*** PROVIDED MATERIAL ***

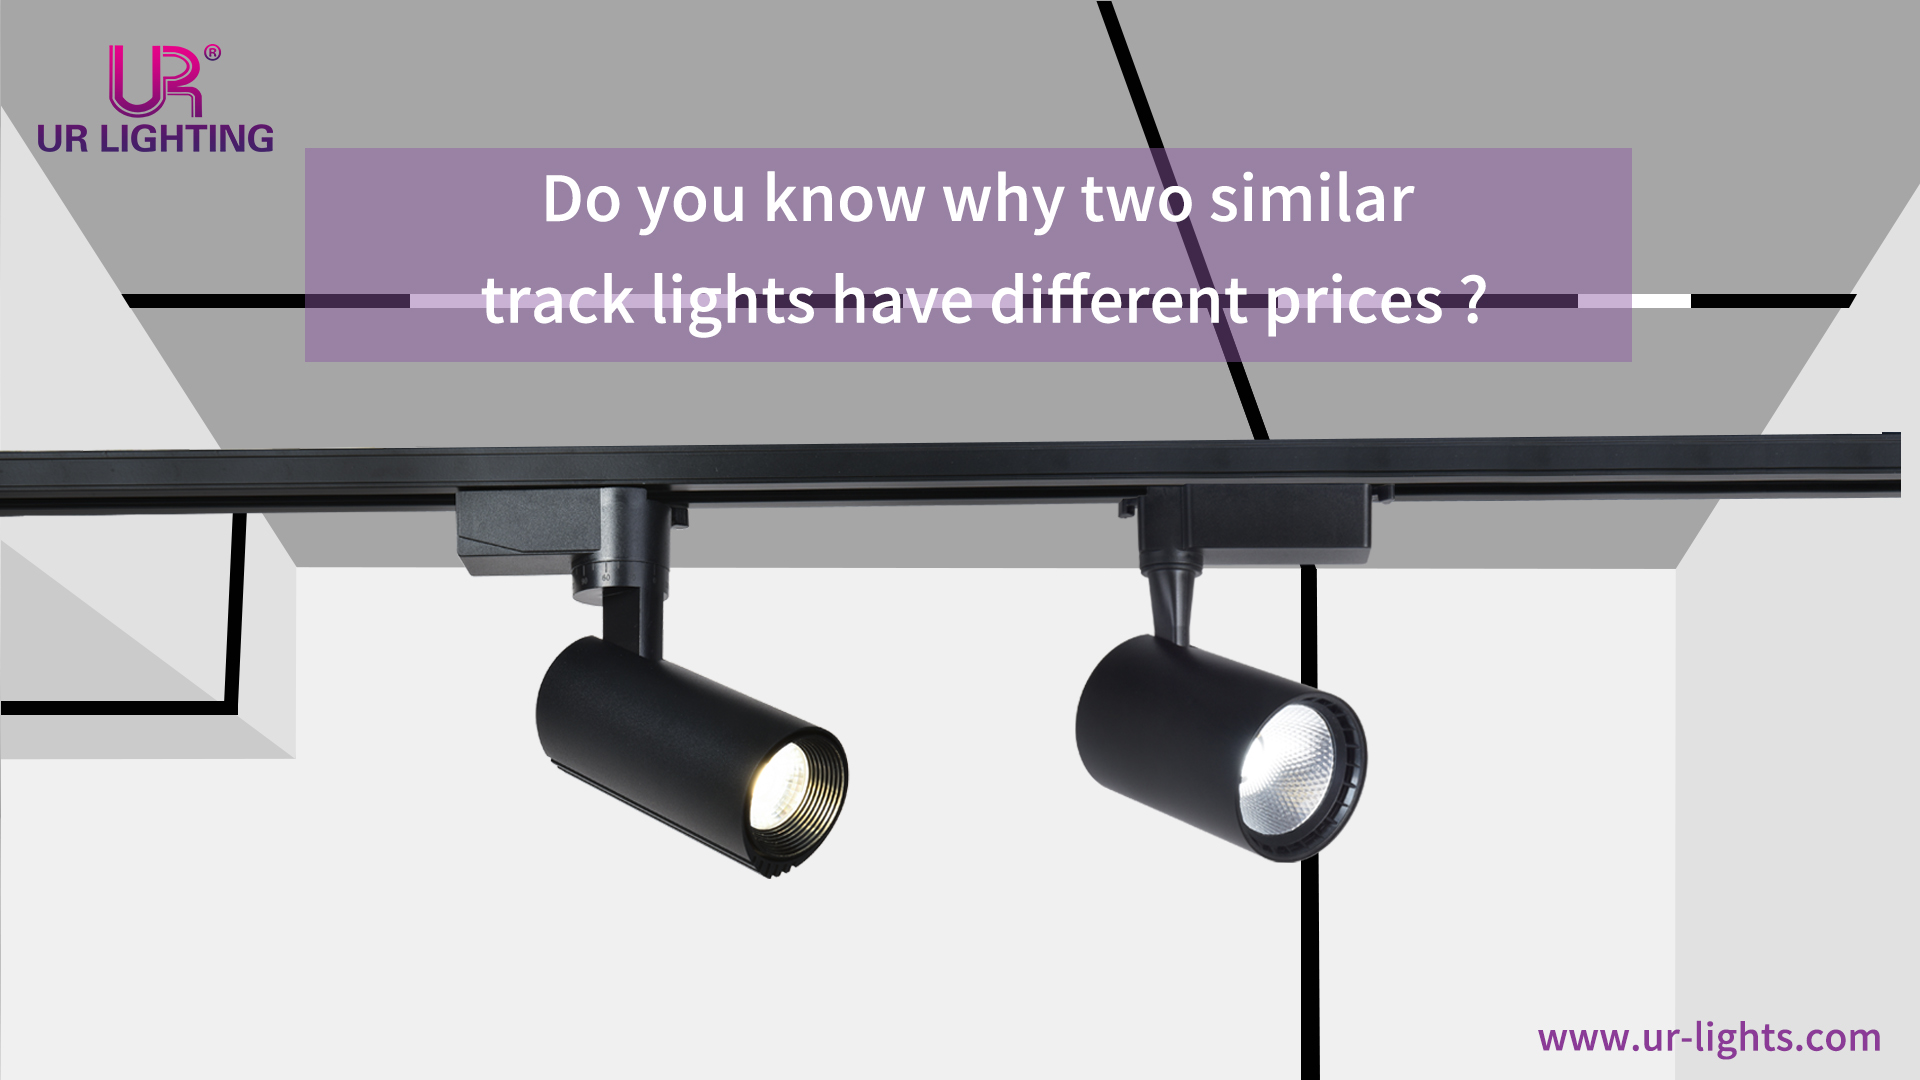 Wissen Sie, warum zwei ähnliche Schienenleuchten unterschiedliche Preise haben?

*** End of PROVIDED MATERIAL ***
*** PROVIDED MATERIAL ***

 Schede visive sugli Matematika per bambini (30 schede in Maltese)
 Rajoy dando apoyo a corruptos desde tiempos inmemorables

*** End of PROVIDED MATERIAL ***
*** PROVIDED MATERIAL ***

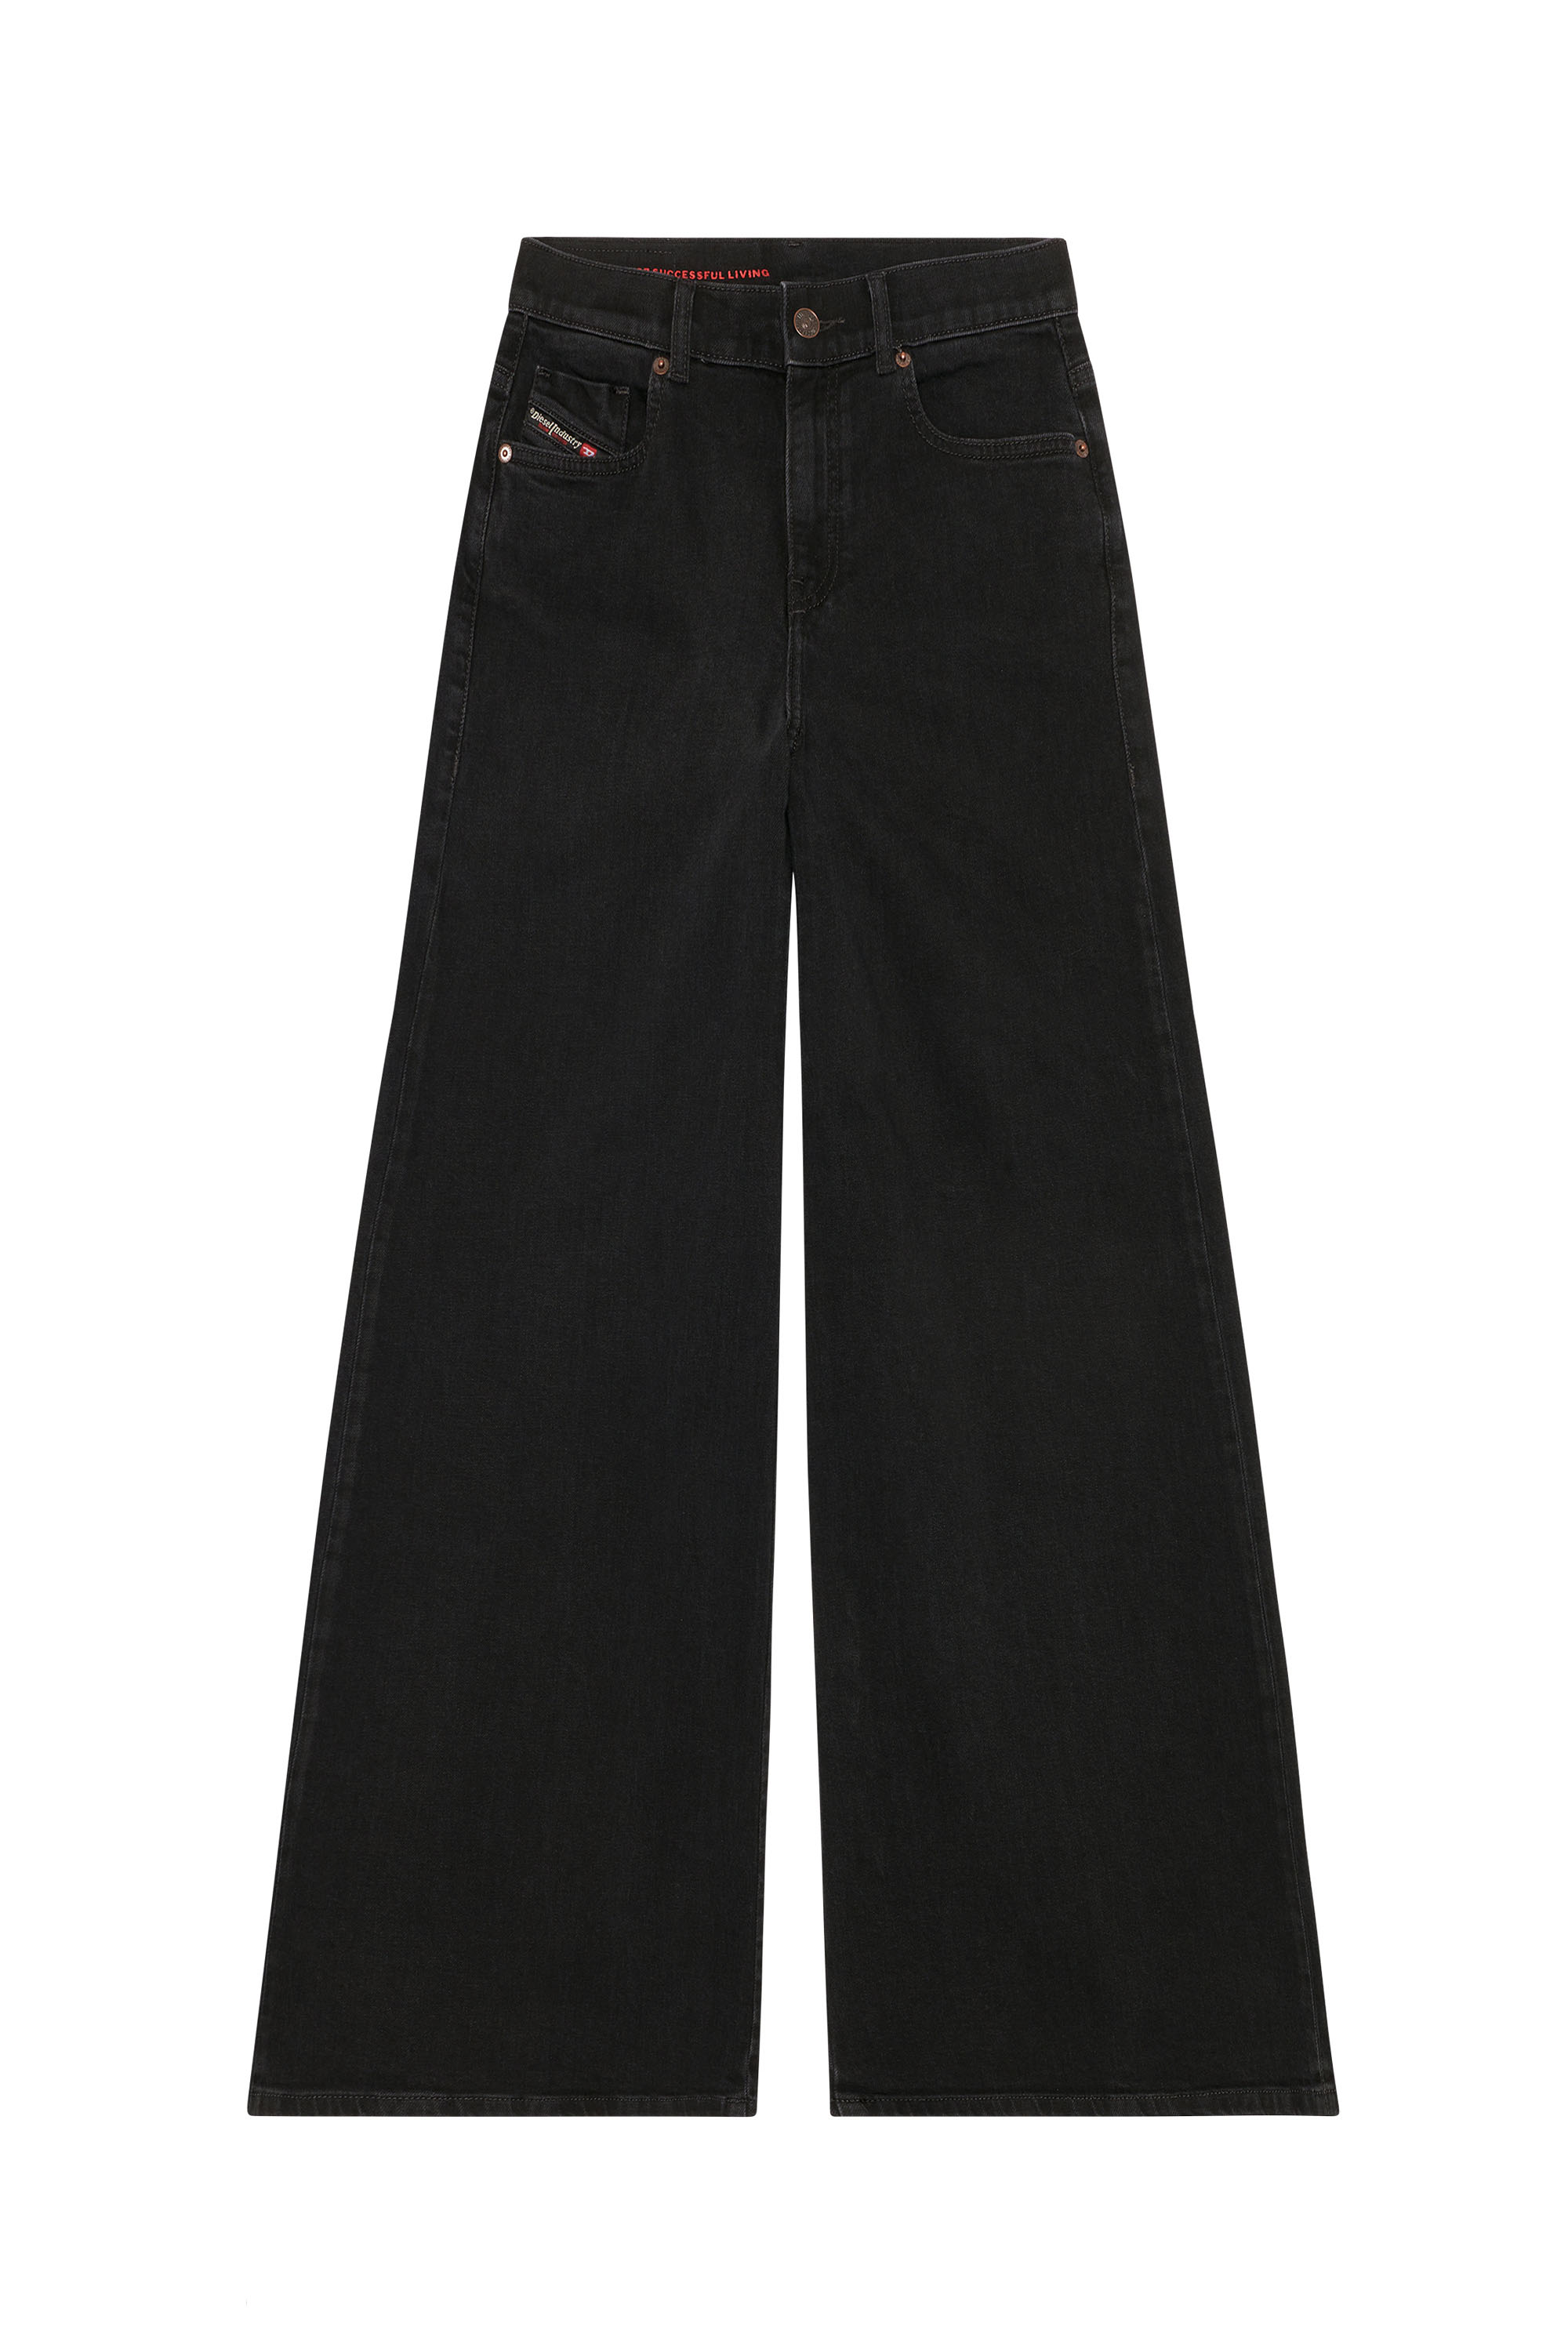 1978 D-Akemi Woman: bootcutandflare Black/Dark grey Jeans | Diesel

*** End of PROVIDED MATERIAL ***

- EXERCISE DESCRIPTION
Begin at the line above that has "Schede visive sugli" and stop after the line that has "Rajoy dando apoyo", copying each line exactly and adding nothing else.

- OUTPUT
 Schede visive sugli Matematika per bambini (30 schede in Maltese)
 Rajoy dando apoyo a corruptos desde tiempos inmemorables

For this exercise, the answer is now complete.